General information
- Type: Helicopter
- National origin: United States
- Manufacturer: American Sportscopter Light's American Sportscopter Inc
- Status: Production completed
- Number built: 18 (2005)

History
- First flight: July 1993
- Variants: American Sportscopter Ultrasport 331 American Sportscopter Ultrasport 496

= American Sportscopter Ultrasport 254 =

American helicopter

The American Sportscopter Ultrasport 254 is an American helicopter that was designed and produced by American Sportscopter and first flown in July 1993. The aircraft was produced by Light's American Sportscopter Inc from 1999. The aircraft was supplied as a kit for amateur construction.
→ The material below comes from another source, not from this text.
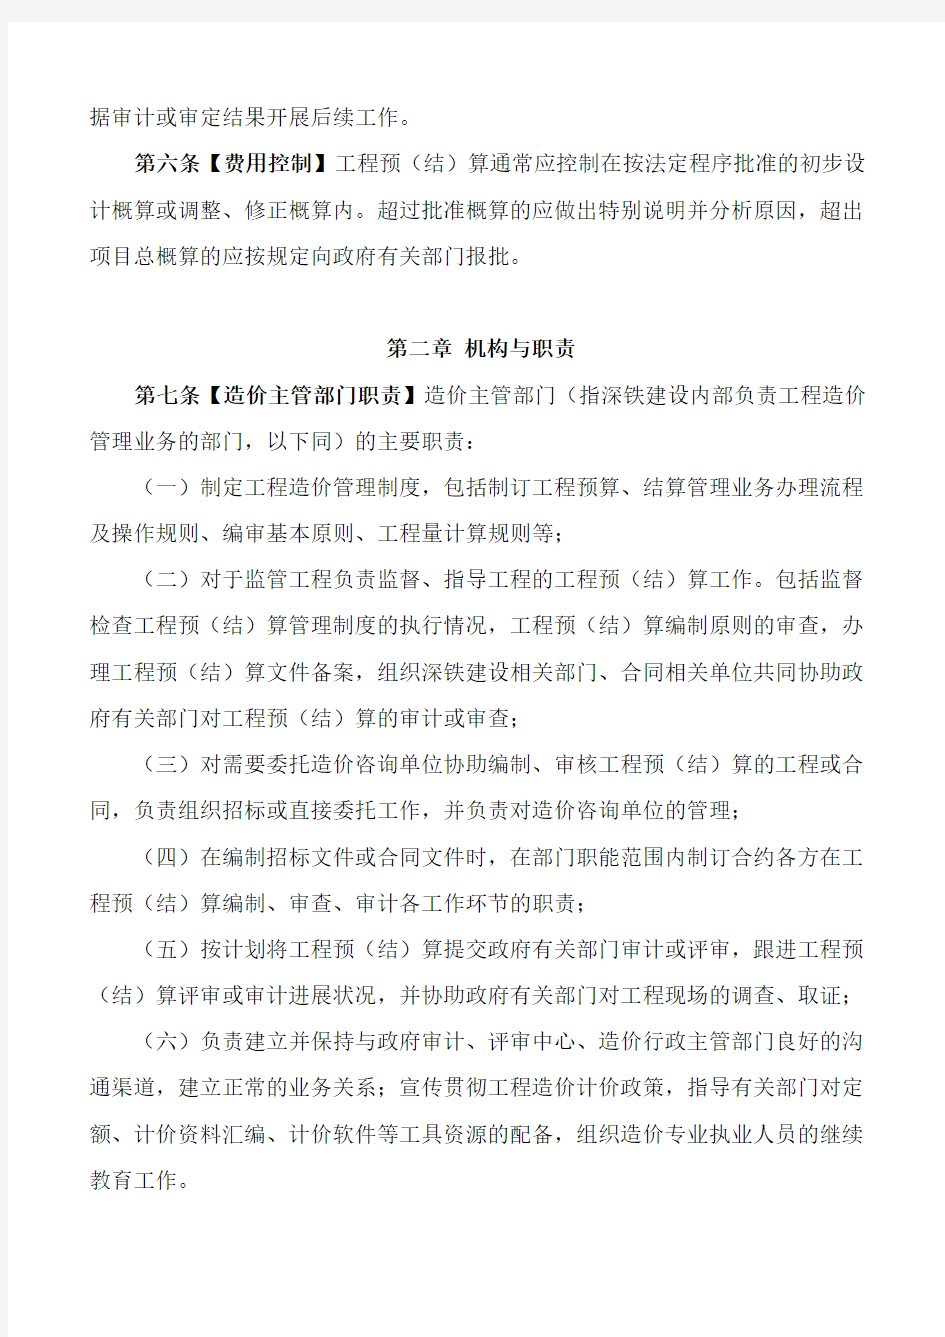 深圳地铁建设集团有限公司工程预(结)算管理办法201907

==Design and development==
The aircraft was designed to comply with the US FAR 103 Ultralight Vehicles rules, including the category's maximum empty weight of 254 lb. The aircraft has a standard empty weight of 252 lb. It features a single main rotor, an enclosed cockpit with a windshield, skid-type landing gear and a twin cylinder, air-cooled, two-stroke, single-ignition 55 hp Hirth 2703 engine.

The aircraft fuselage fairing is made from composites. Its 21 ft diameter main rotor employs an ATI 012 (VR-7 mod) airfoil at the blade root, becoming an ATI 008 (VR-7 mod) at the tip. The main and tail rotor blades are of honeycomb composite construction. The cyclic control is roof-mounted, hanging down into the cockpit, but is otherwise conventional. The 23 in diameter tail rotor features a shrouded tail rotor and a tailplane with end-fins.

When it was available, the aircraft could be purchased as a 150-hour assembly kit or as a 60-hour quick-build kit. No plans were available.